Она рассматривала запечатанный конверт. «Морайе и Тэсс». Почерк напоминал отцовский, и на мгновение ее охватила тревога. Подумав, что Роан способен на все для достижения своих целей, девушка с трудом подавила желание разорвать письмо.

Наконец, затаив дыхание, она сломала печать. И, едва начав читать, поняла, что это написано отцом.

«Дорогие Морайя и Тэсс!

Вы никогда не узнаете, как я люблю вас, и я умоляю во имя этого простить мне то, что я сделал. Я едва не разрушил ваши жизни… и не могу позволить себе ни начать все сначала, ни быть уверенным в том, что смогу удержаться от карт. Притягательная сила лондонских игорных домов для меня непреодолима. Ваша мать это понимала, надеюсь, поймете и вы. Я нашел единственный оставшийся мне достойный выход.

Морайя, прошу тебя, позаботься, чтобы Тэсс удачно вышла замуж. Она такая красавица, так похожа на Клариссу. И о себе тоже подумай. Умоляю тебя, не относись к браку с подозрением. Уверен, что ты бриллиант чистейшей воды.

Ваш любящий отец

Томас, седьмой барон Лэндон».

Когда Морайя кончила читать письмо, оно было мокрым от слез. Она не могла остановить их. Девушка не понимала, какие страдания довели до этого отца. Он был бы уже мертв, если бы не Финч. Морайя плакала так долго, что платок промок насквозь. Потом она бросилась на кровать и зарылась лицом в подушки.

Сердце ее разрывалось от сознания того, что у отца действительно не было иного выхода. Достойного выхода, поправила себя она и ощутила ярость, которую теперь вызывало в ней мужское представление о достоинстве и чести. Нет, это непостижимо, как и низкое поведение Джастина, который столько говорит о чести.

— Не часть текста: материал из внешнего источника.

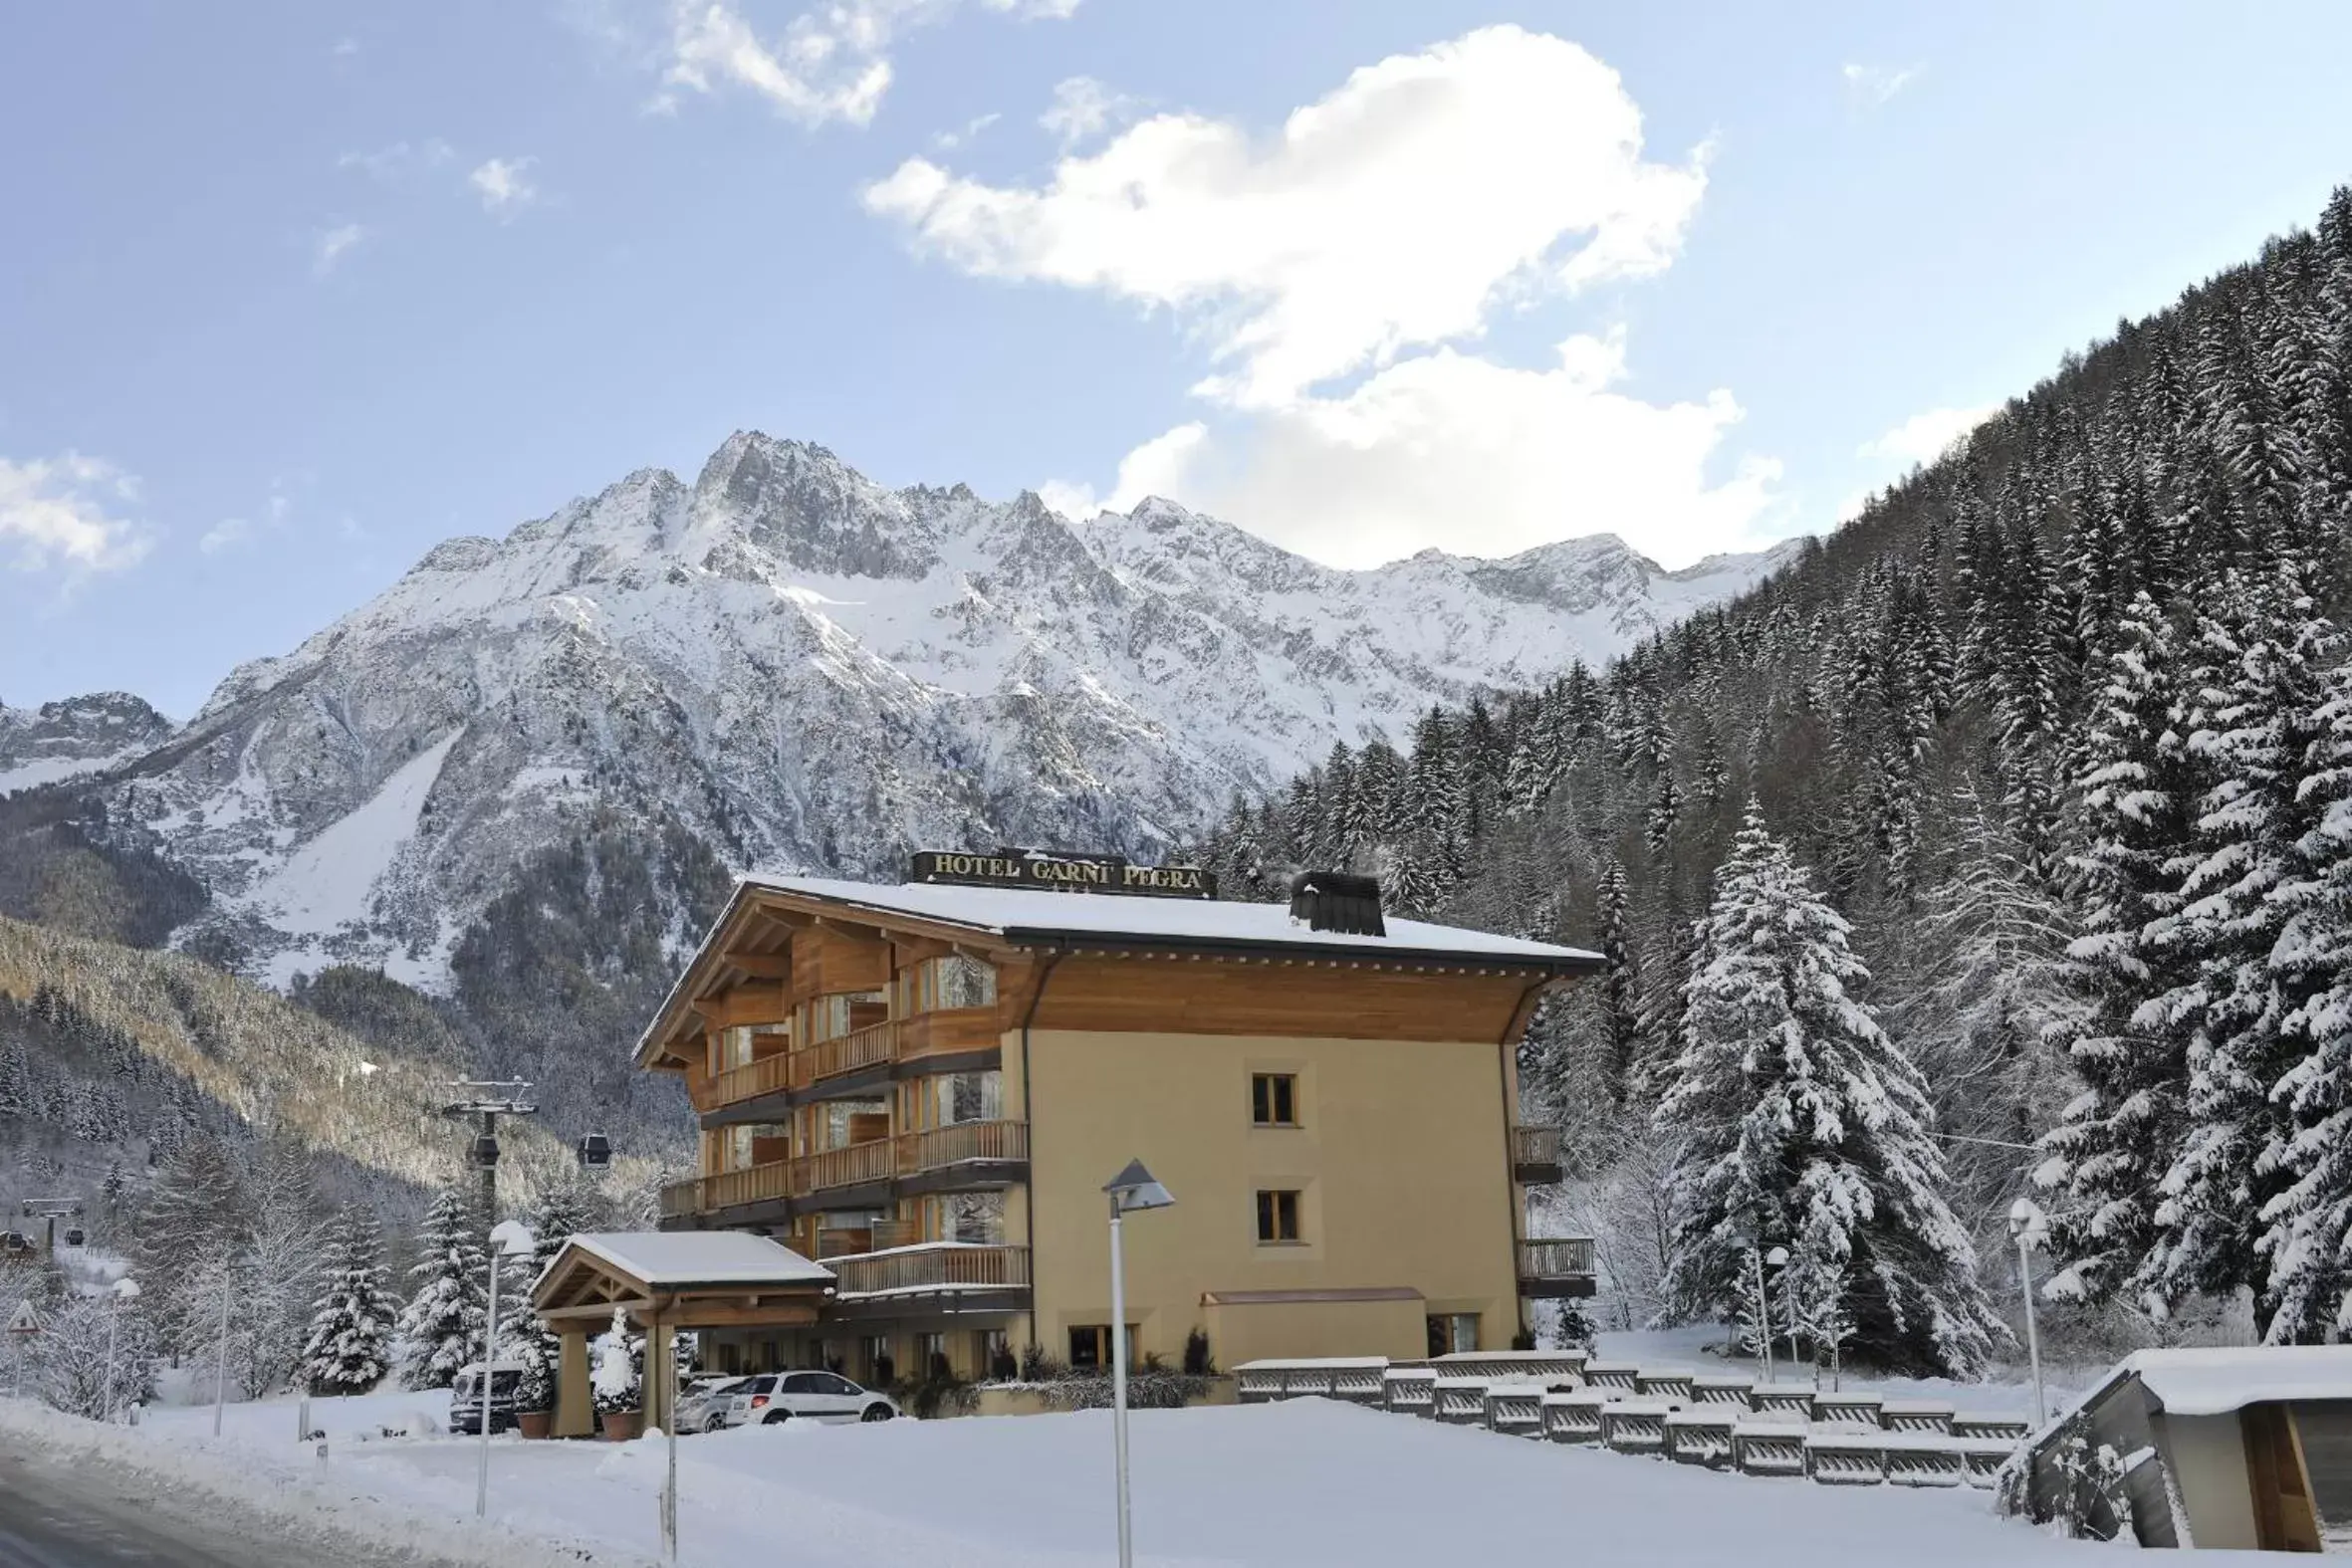 On site, Winter in Hotel Garni Pegrà

Морайя не хотела думать о Джастине, то есть о лорде Роане, но понимала, что это неизбежно. Она несправедливо обошлась с ним – ведь виконт не имел никакого отношения к попытке самоубийства отца. «Я предъявила ему чудовищное обвинение», – размышляла Морайя. Охваченная сильным волнением, она поднялась и теперь безостановочно ходила по комнате, горько сожалея о своем поступке. И как только ей пришла в голову ужасная мысль, будто он сам сочинил это письмо и оно – часть его плана мести? О Господи, это же абсурдно!

Девушка, наконец, опустилась в кресло и, глубоко вздохнув, заставила себя обратиться к главному для нее предмету. Разве менее абсурдна ее уверенность в том, что Джастин разорил отца с целью заманить ее в свою ловушку? И что предлагаемый им брак должен был стать последним актом его мести? Сам он отрицал все это, и Морайе так хотелось верить ему. Все было бы так чудесно, если бы…

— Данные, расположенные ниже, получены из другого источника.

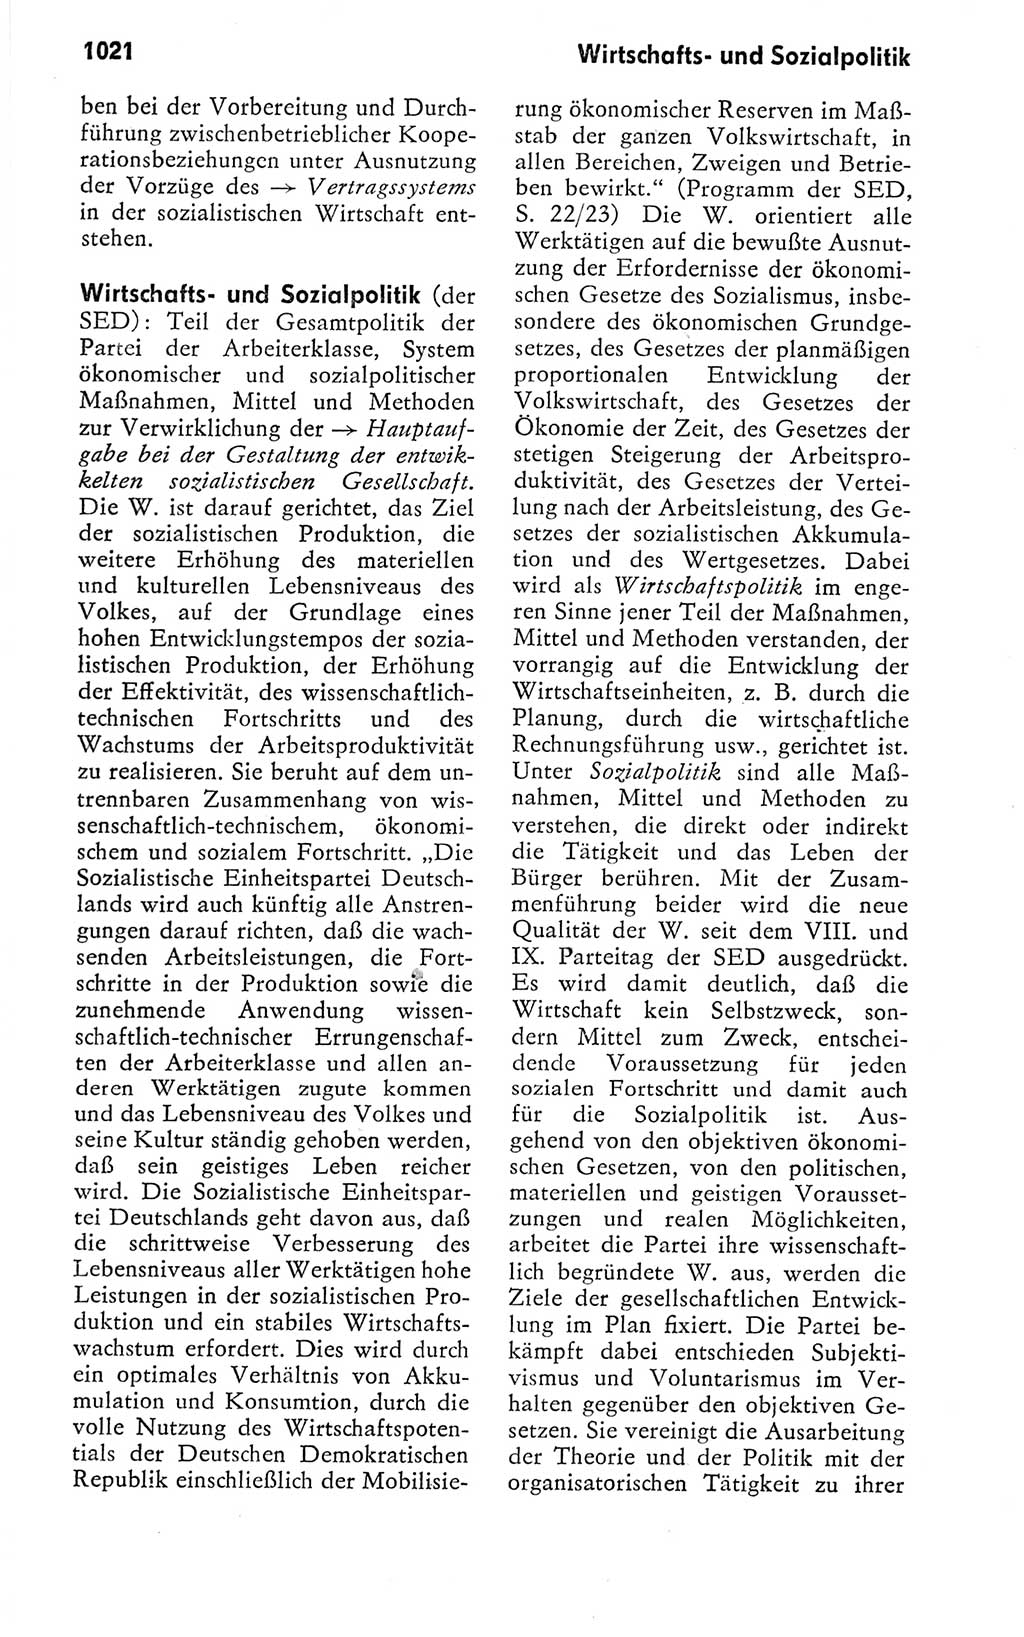 Kleines politisches Wörterbuch [Deutsche Demokratische Republik (DDR)] 1978, Seite 1021 (Kl. pol. Wb. DDR 1978, S. 1021)

Она поднялась и опять заходила по комнате, пытаясь подавить эмоции трезвой оценкой происшедшего. Конечно, нельзя отрицать очевидного. Он вынашивал планы мести двадцать лет. Но любой человек, способный на это… Однако сама Морайя не додумалась бы, что Уикем был только приманкой, а ей якобы уготована роль последней жертвы. Ведь это сказал граф. А кто знает Джастина лучше, чем воспитавший его человек?

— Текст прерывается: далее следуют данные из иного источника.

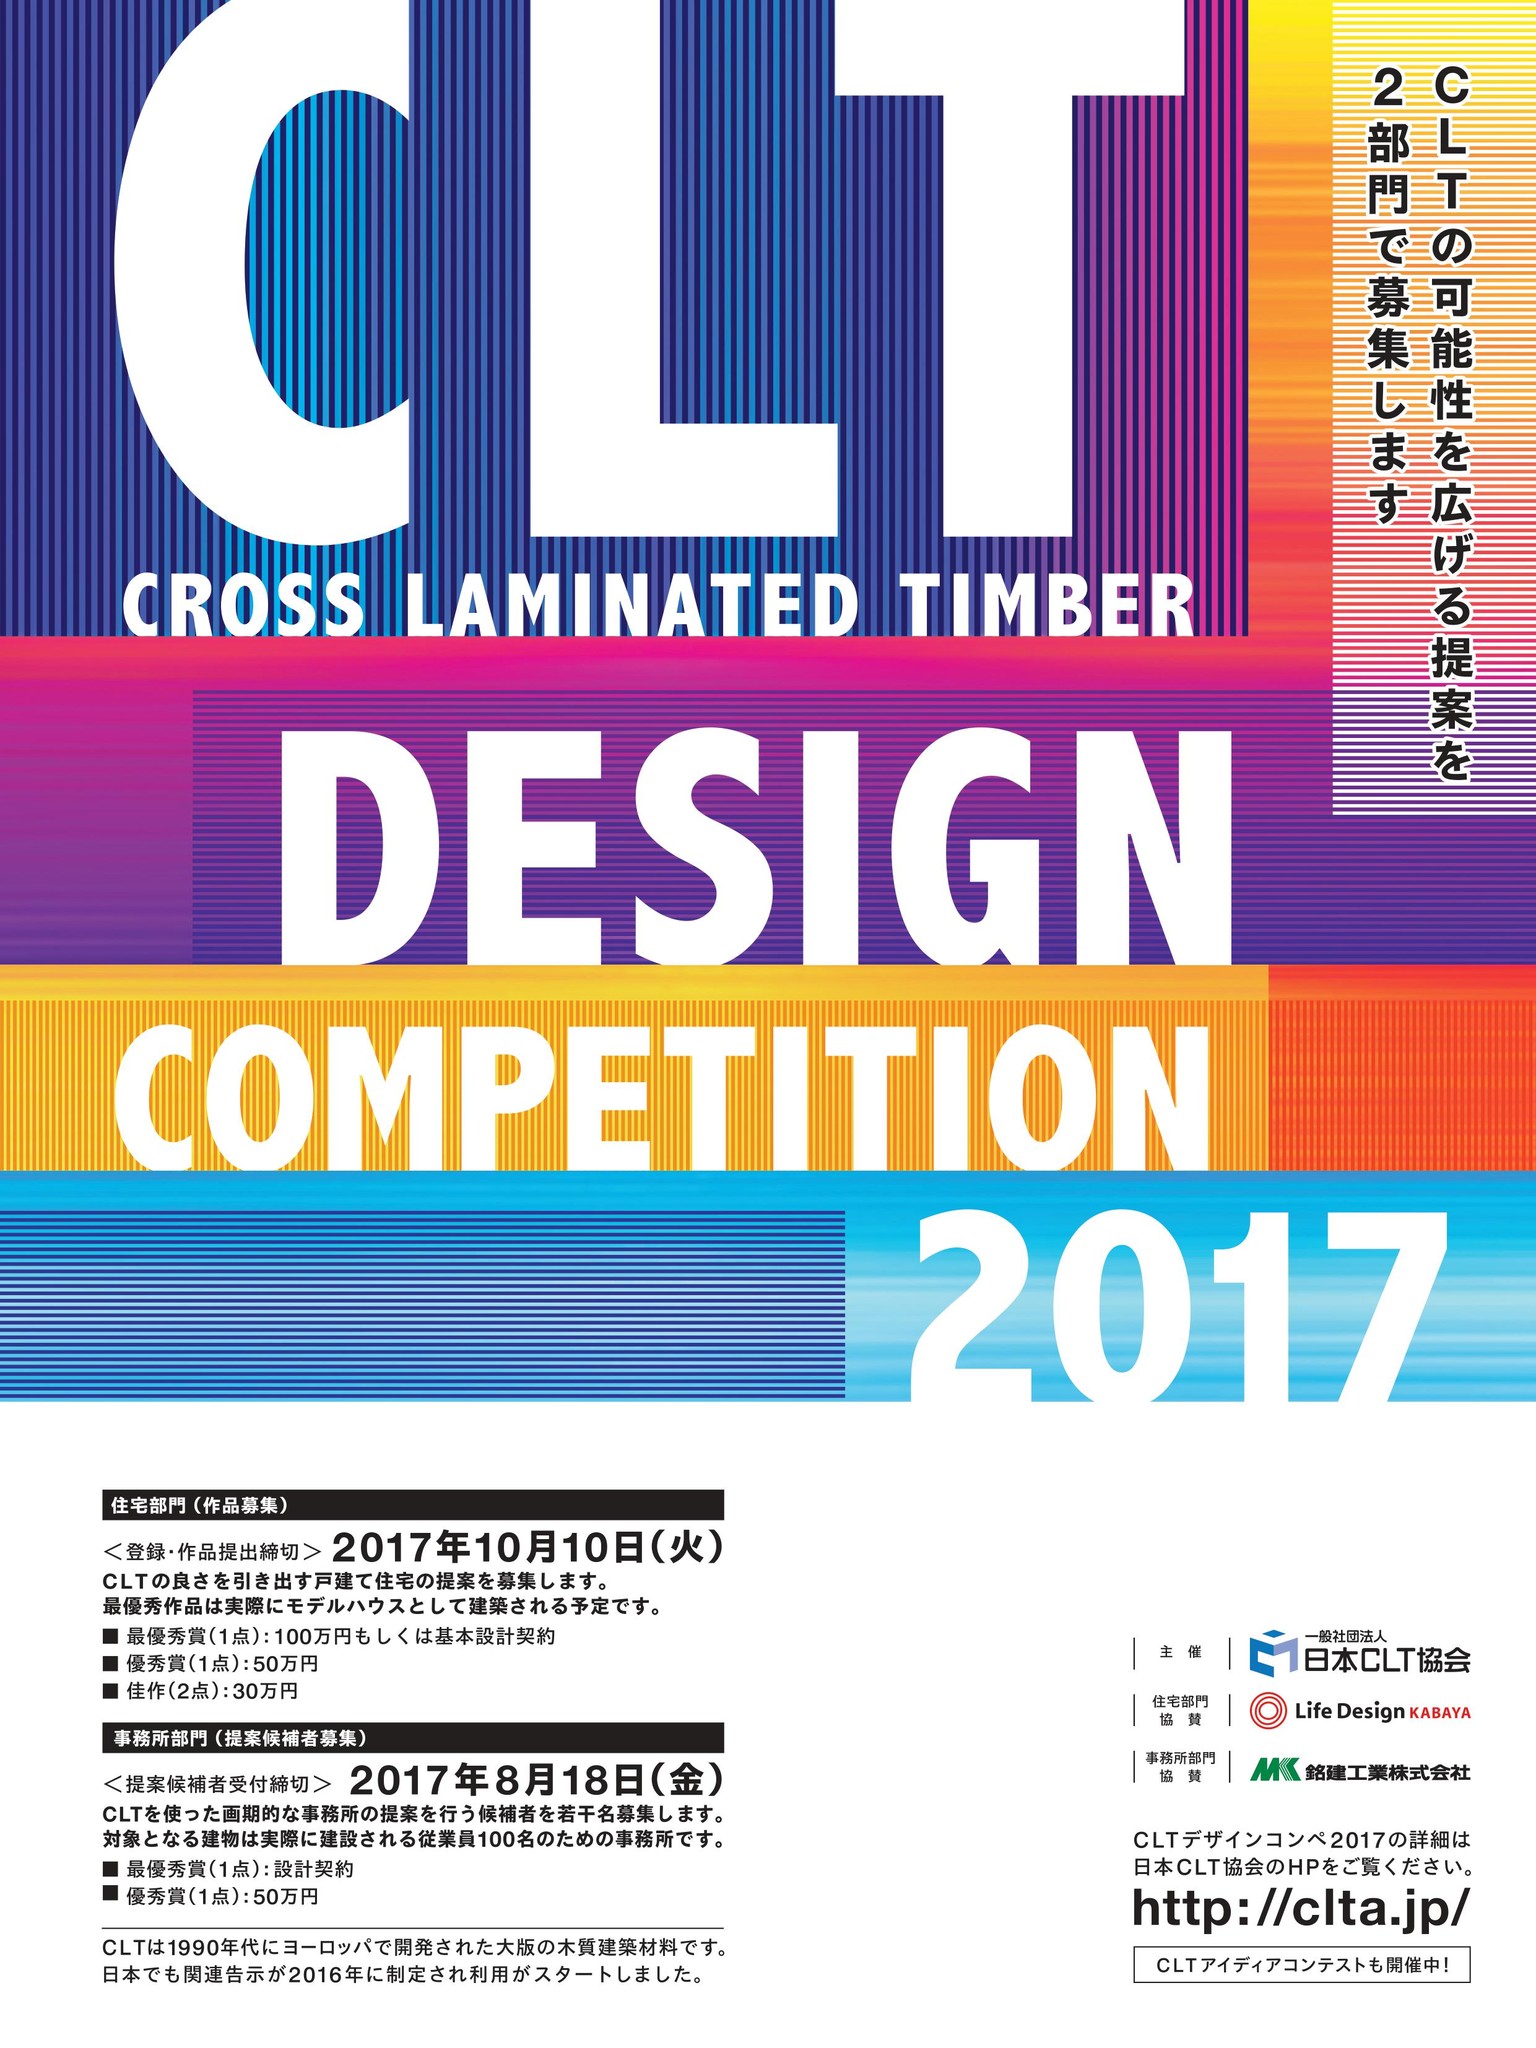 決まったの 日本clt協会主催 Cltデザインコンペ17最終審査 最優秀作品 ライフデザイン カバヤ株式会社のプレスリリース

Морайя твердо решила, что права, и замуж за него выходить нельзя, а значит, незачем и встречаться с ним. Она будет жить здесь, в уютном, гостеприимном домике Эмили, столько, сколько понадобится. Но это решение не успокоило девушку, а вызвало лишь ужасное чувство одиночества.

Эмили уговорила Морайго отдохнуть до обеда, но тягостные думы заставили ее спуститься вниз гораздо раньше. Едва войдя в гостиную, Морайя взволнованно проговорила:

– Эмили, не хотите ли… О! – Она осеклась. На диване, спиной к ней, сидел какой-то мужчина и непринужденно сжимал руку Эмили.

– Морайя? – чуть смущенная, хозяйка дома поднялась навстречу девушке. – Я думала, вы еще спите.

– Нет, я… О!.. – Морайя поняла все, когда мужчина встал и обернулся.

– Нас, кажется, не представили друг другу, мисс Лэндон. Я Джордж Уэнсфилд, граф Уэстмейкотт. – Он улыбнулся, подошел к Морайе и протянул ей руку.

– Да, я… знаю… – пробормотала девушка. – Рада… с вами познакомиться. – Она помертвела, вспомнив о том, что он видел и слышал. – Я, пожалуй, пойду, если вы не…

– Что вы, дитя мое, входите и садитесь, пожалуйста. – Граф подвел ее к дивану. Эмили вопросительно посмотрела на него, но тот ласково улыбнулся ей: – Полно, любовь моя, мисс Лэндон неминуемо должна была застать нас врасплох, поскольку она здесь поселилась. И я ничуть не сомневаюсь в ее скромности.

– Конечно, – согласилась Эмили. – Простите меня, Морайя, просто я так привыкла к… к…

– Пора отвыкать, дорогая. – Усадив Морайю на диван, граф продолжал: – Я пытаюсь убедить вашу приятельницу выйти за меня замуж, но она упрямится. Как, по-вашему, стоит ли женщине отказывать человеку, которого она искренне любит?

– Джордж! – воскликнула Эмили, а Морайя вспыхнула от смущения.

– Простите, милые леди, если я заговорил об этом некстати, – иронически усмехнулся граф.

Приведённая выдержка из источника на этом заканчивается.